它们没有武器,没有战术,只是用最原始的方式——用身体,用那些还在不断生长的触须——想要将一切拉入它们的狂欢。
“让我们……融为一体,共享无边的欢愉!”
“一个我,感受一份快乐……两个我,享受双倍的极乐!”
绯英的尺刀在空中划出一道道利落的弧线,每一刀都精确地切断那些肉块的关节连接处。但那些被切断的部位并没有死,它们在地上蠕动、生长、重新拼成更多的肉块。
他们——在自我增生。
战斗结束得不算慢,但也不算快。当最后一个肉块轰然倒下时,它的嘴唇还在翕动,声音又轻又飘,像是在说梦话:“痛?那是什么味道的糖果?我要更多……哈哈哈……”
爻光站在倒地的肉块旁边,低头看着它。她的表情在夕阳下显得格外晦暗:“他们的感官已经完全扭曲。

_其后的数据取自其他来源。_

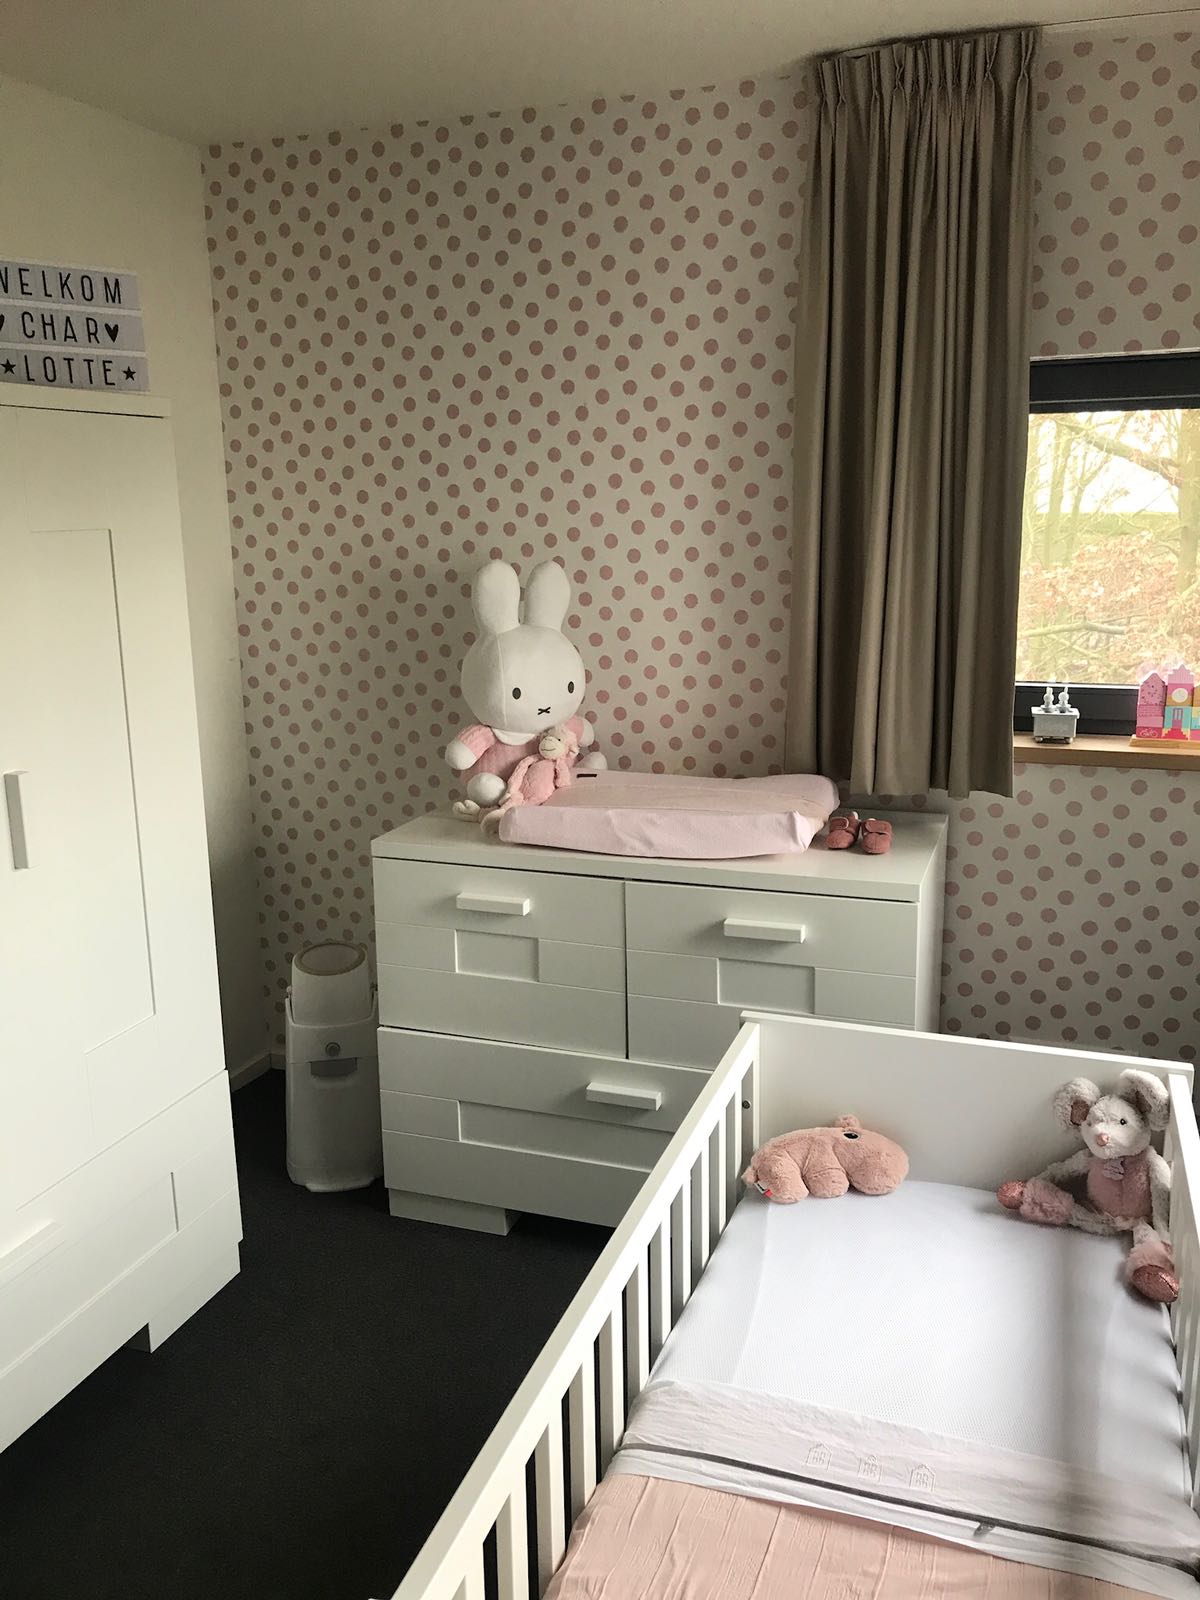 Vandaag deelt Willeke de babykamer van haar dochter Charlotte. Willeke is eigenaresse van een bekend babylabel en weet perfect hoe ze een kamer moet stylen.

”
倒地的肉块伸出残余的触须,朝空气中摸索着,声音忽然变得亢奋起来:“靠近一点……再、再来……”
爻光蹲下身,伸出手指在它的颈部按了一下。片刻后,她收回手,声音压得很低:“他……死了?”
“不,肉身正在复原。要不了多久,他就会再度爬起来——不管被杀死几次。”绯英把尺刀收回腰间。
【佩拉:这玩意儿怎么会分裂呀?】
【赛飞儿:二相乐园的欢乐总是这么窒息吗…】
【青雀:这怪物比丰饶民怎么还难打,打着打着能分裂,死了还会原地复活】
【丹恒:毕竟混了倏忽的血肉,这可是令使级的丰饶之力,只要没死透就可以一直复活】
【星:就如同刃那样吗...】
【花火:啧啧,这场面,真怕岚哥一箭过来给整个二线乐园爆了。】
“如此,确实当得起头顶的大吉之签。这就是满的目的?将植入倏忽细胞的市民,扭曲成只知发笑的孽物,向所有谒者开战?确实惊悚。但是——”爻光顿了顿,“不过一介凡人,她到底是怎么做到的?”
“将军,请不要用‘孽物’称呼他们。”绯英认真的说道,“这些人和你熟悉的丰饶之民并非同类。他们只是海原市的普通人,日复一日为柴米油盐奔波,没有你我这般力量,也不曾看见乐园外的世界。他们只是想停下来喘口气——哪怕这口气,是满愿递来的毒药。”